Data provided:
====================
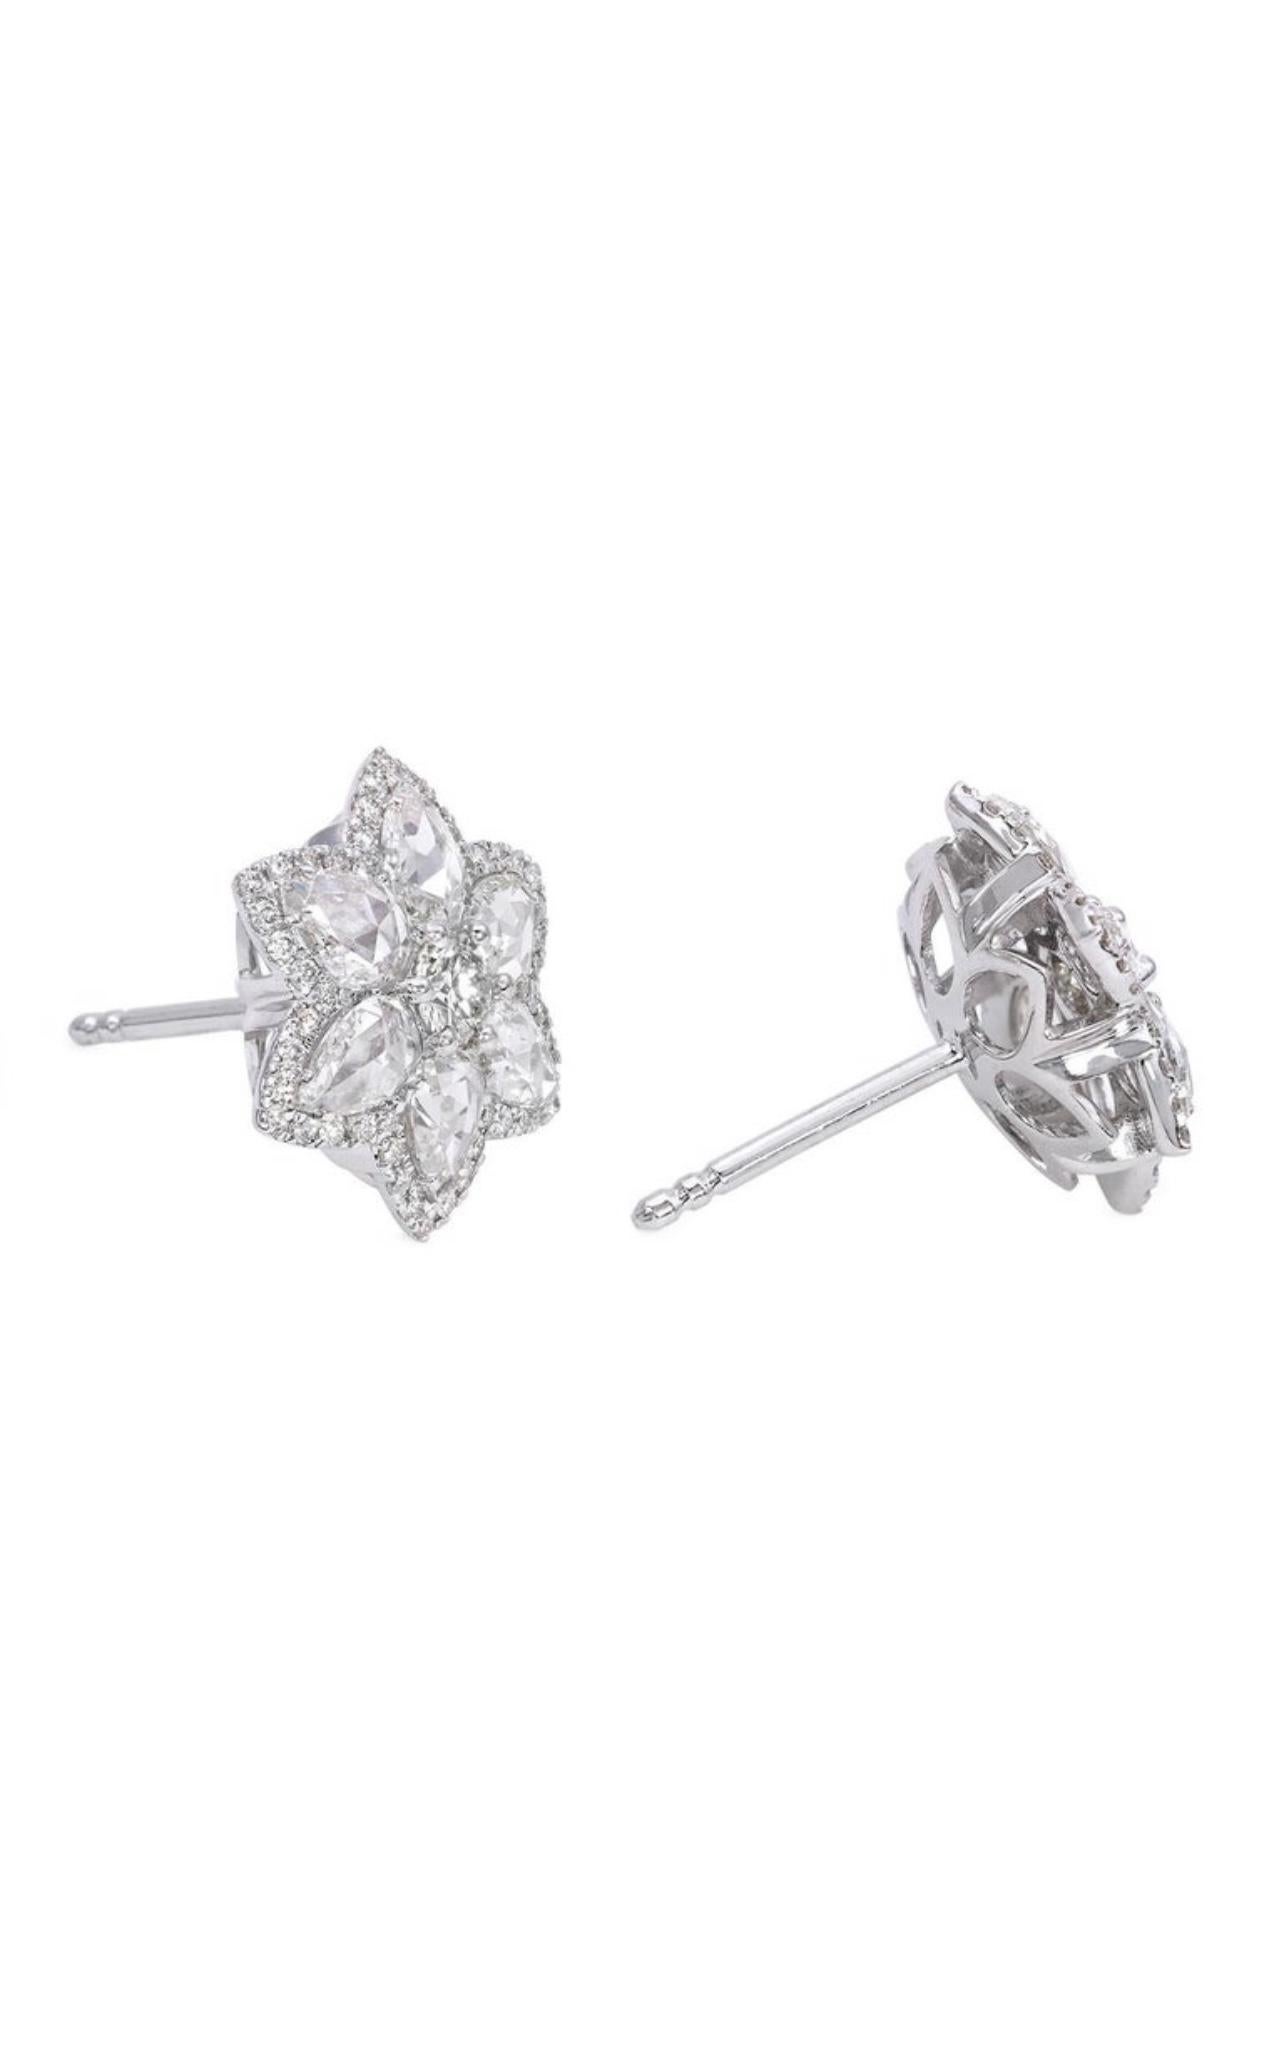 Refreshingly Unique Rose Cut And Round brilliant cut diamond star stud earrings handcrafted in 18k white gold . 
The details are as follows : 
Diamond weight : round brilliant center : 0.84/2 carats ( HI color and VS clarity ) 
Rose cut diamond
====================
Instructions for the task:
Please transcribe only the portion of the material that starts at the line containing "Diamond weight : round" and runs through its last line, inclusive, exactly as given.

Solution to this problem:
Diamond weight : round brilliant center : 0.84/2 carats ( HI color and VS clarity ) 
Rose cut diamond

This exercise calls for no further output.